◆ Work to be completed ◆
Without including the pictures, copy each line below exactly as it reads.

◆ Dataset section ◆
◇ ◇ ◇ ◇
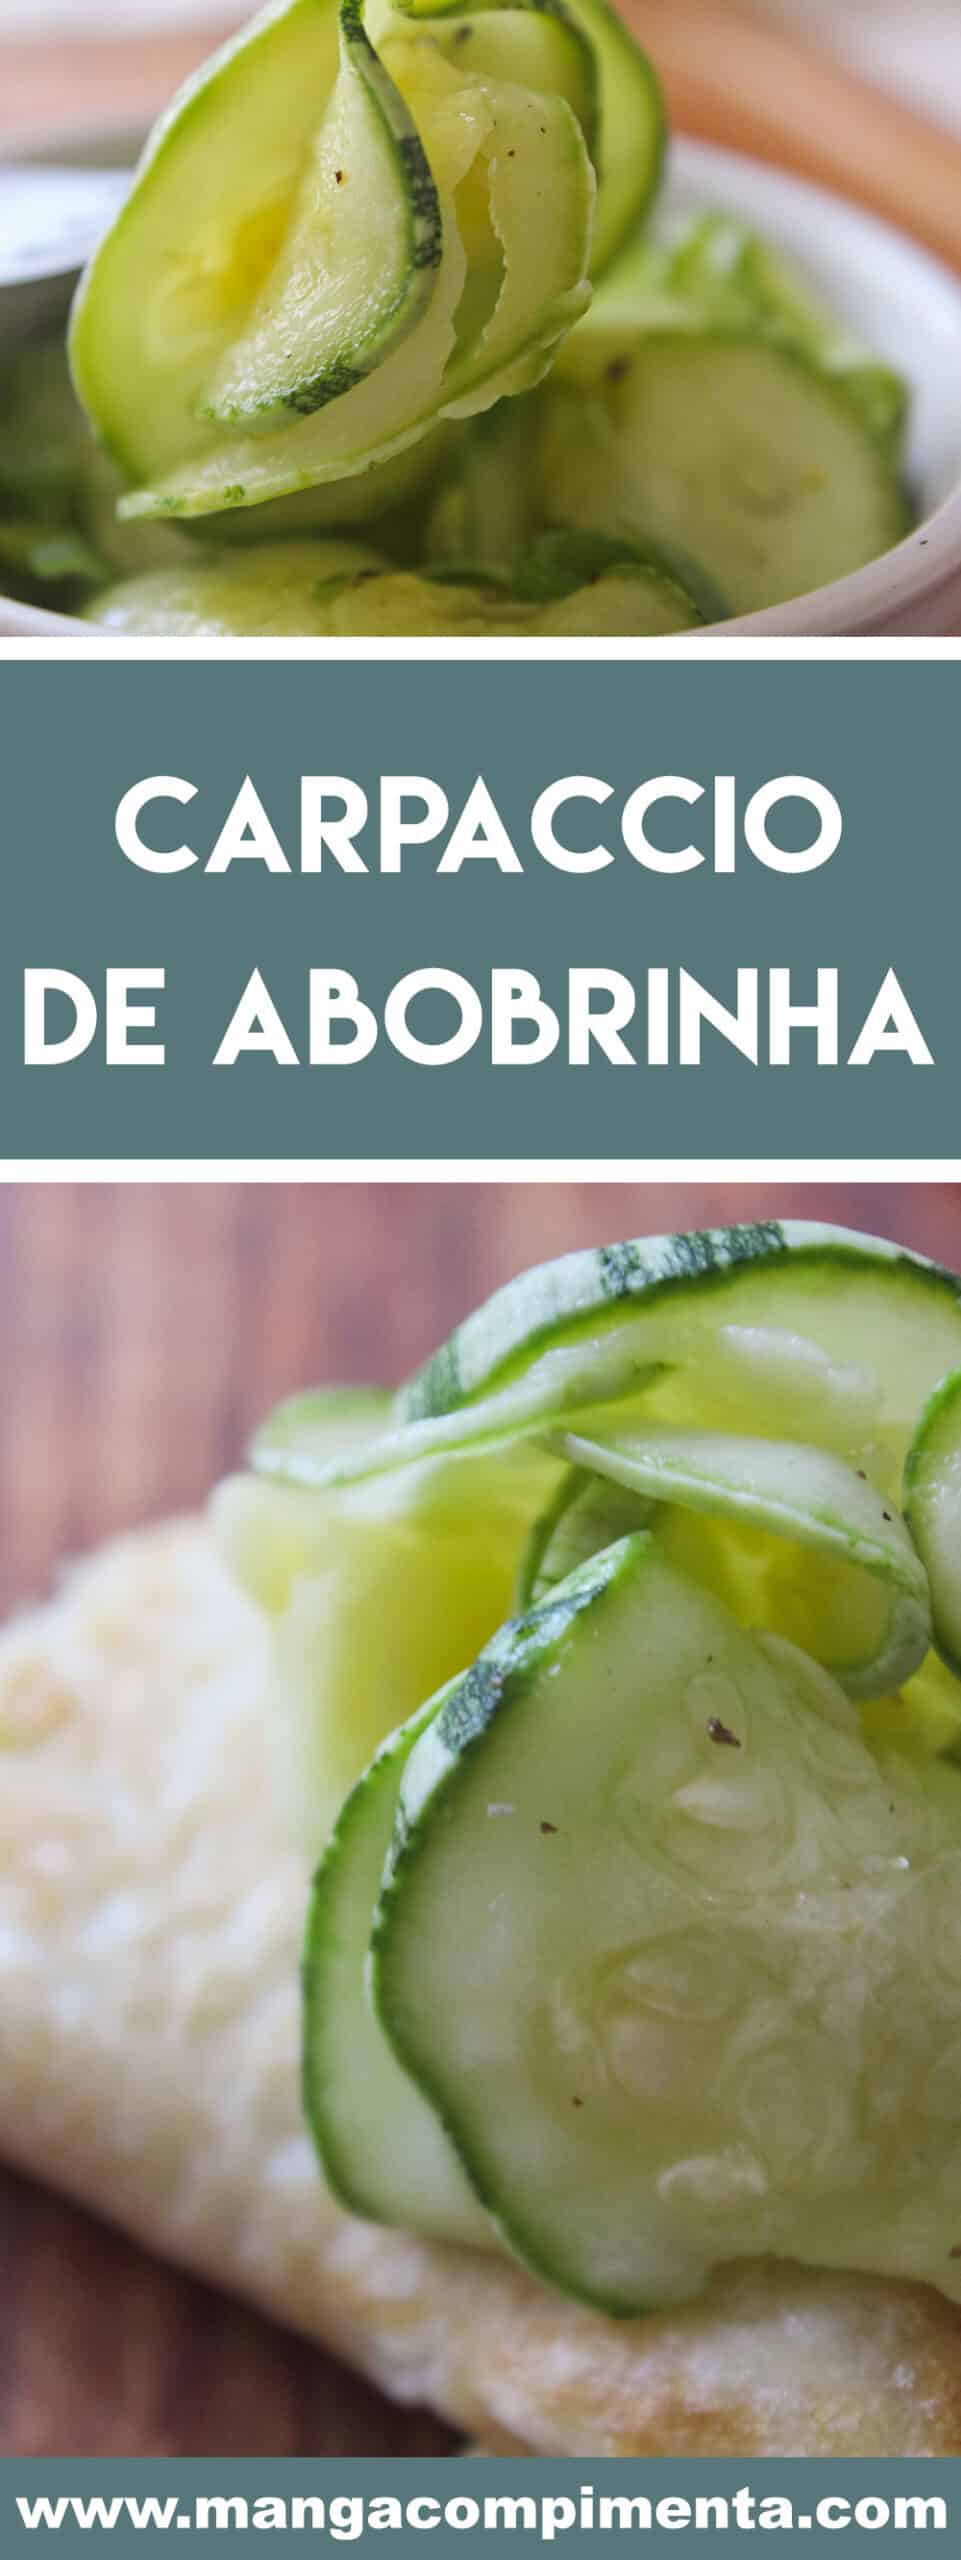 Receita de Carpaccio de Abobrinha - prepare em casa para petiscar, lanchar ou servir junto com a salada nas refeições da família. 
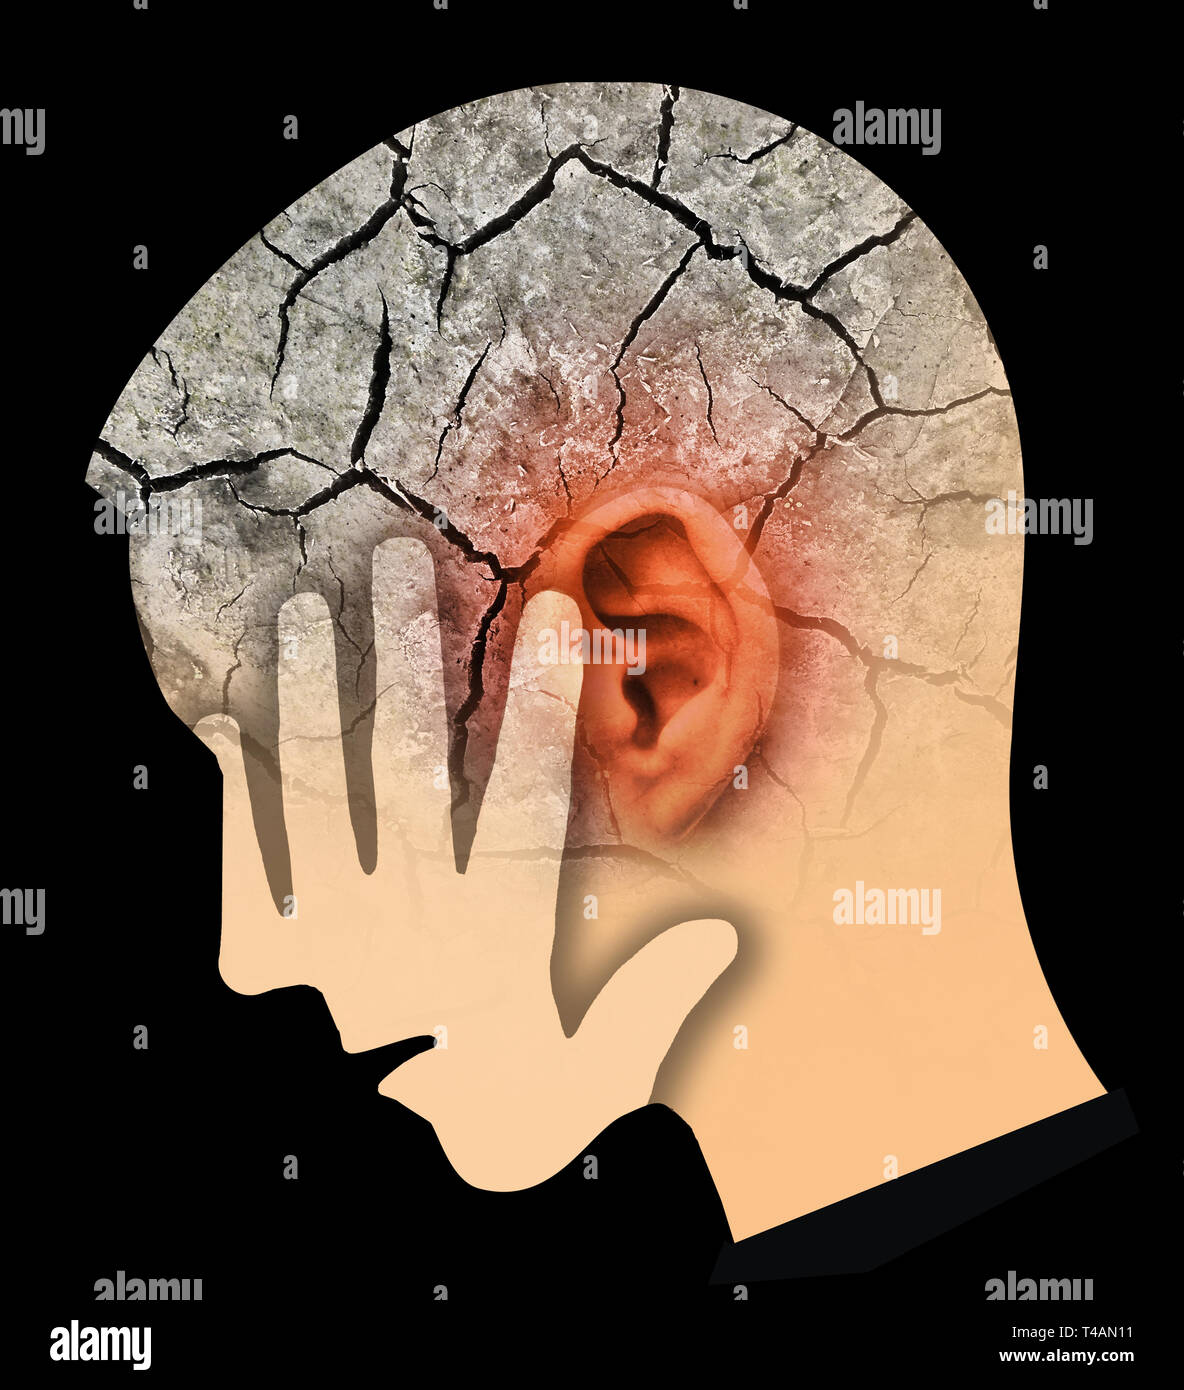 Hombre con Big red y cabeza de oreja rajada, simbolizando el tinnitus y problemas del oído. Cabeza masculina de perfil estilizado. Fotomontaje en seco con tierra agrietada. Foto de stock
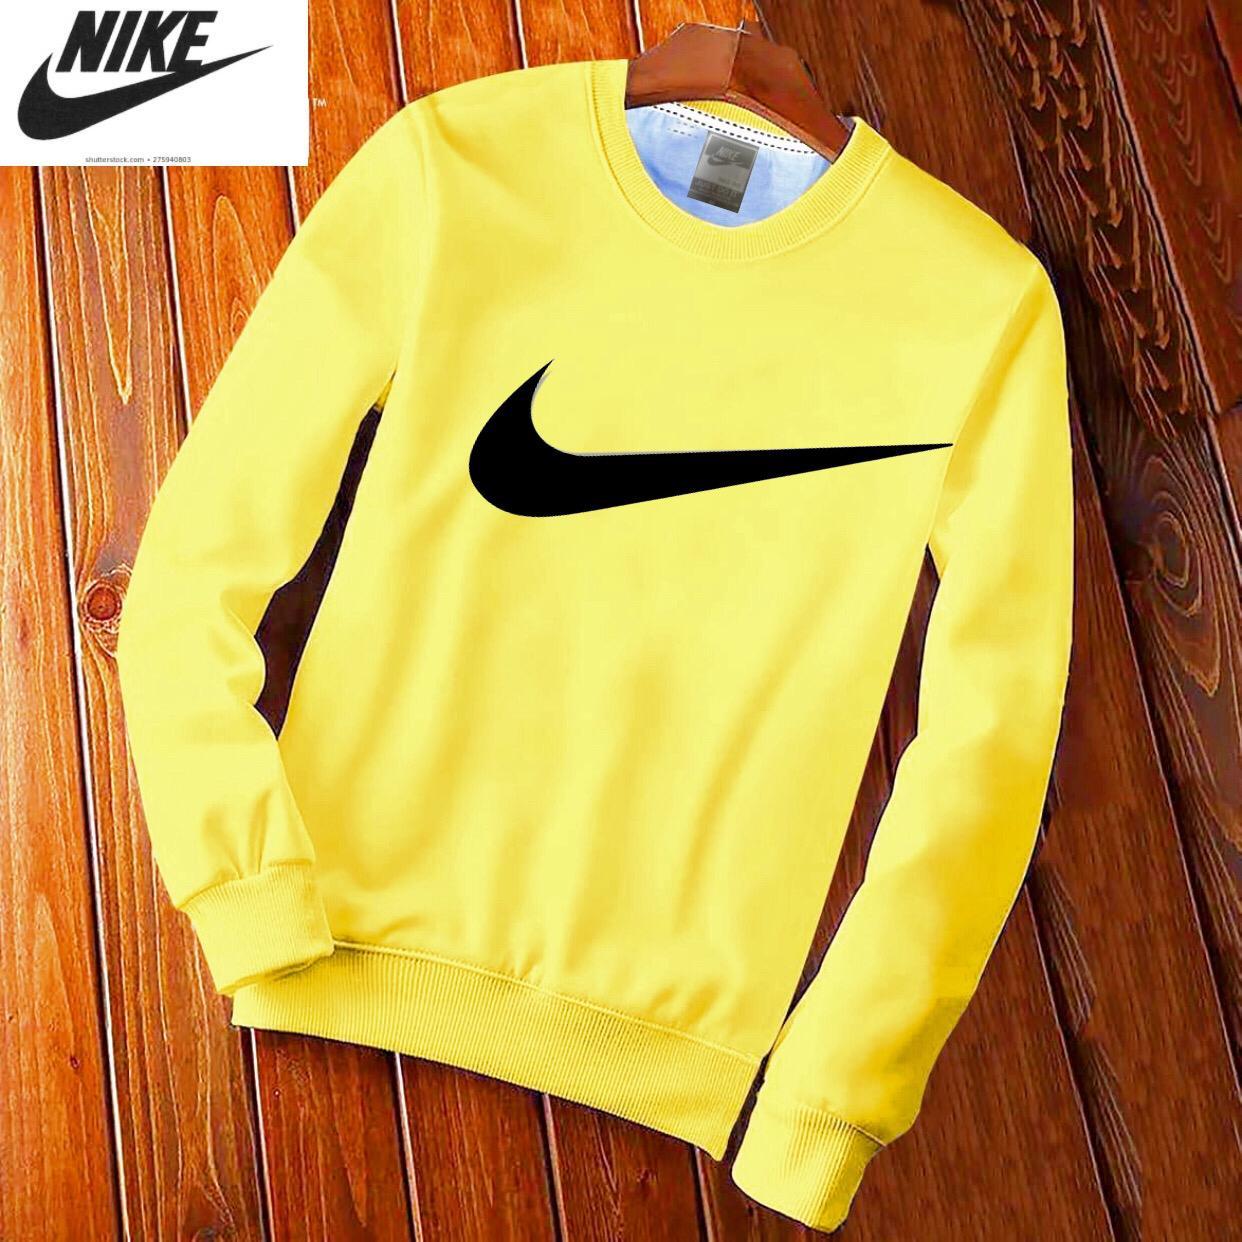 Nike Yellow Sweat Shirts
◇ ◇ ◇ ◇
◆ Result of the exercise ◆
 Receita de Carpaccio de Abobrinha - prepare em casa para petiscar, lanchar ou servir junto com a salada nas refeições da família. 
 Hombre con Big red y cabeza de oreja rajada, simbolizando el tinnitus y problemas del oído. Cabeza masculina de perfil estilizado. Fotomontaje en seco con tierra agrietada. Foto de stock
 Nike Yellow Sweat Shirts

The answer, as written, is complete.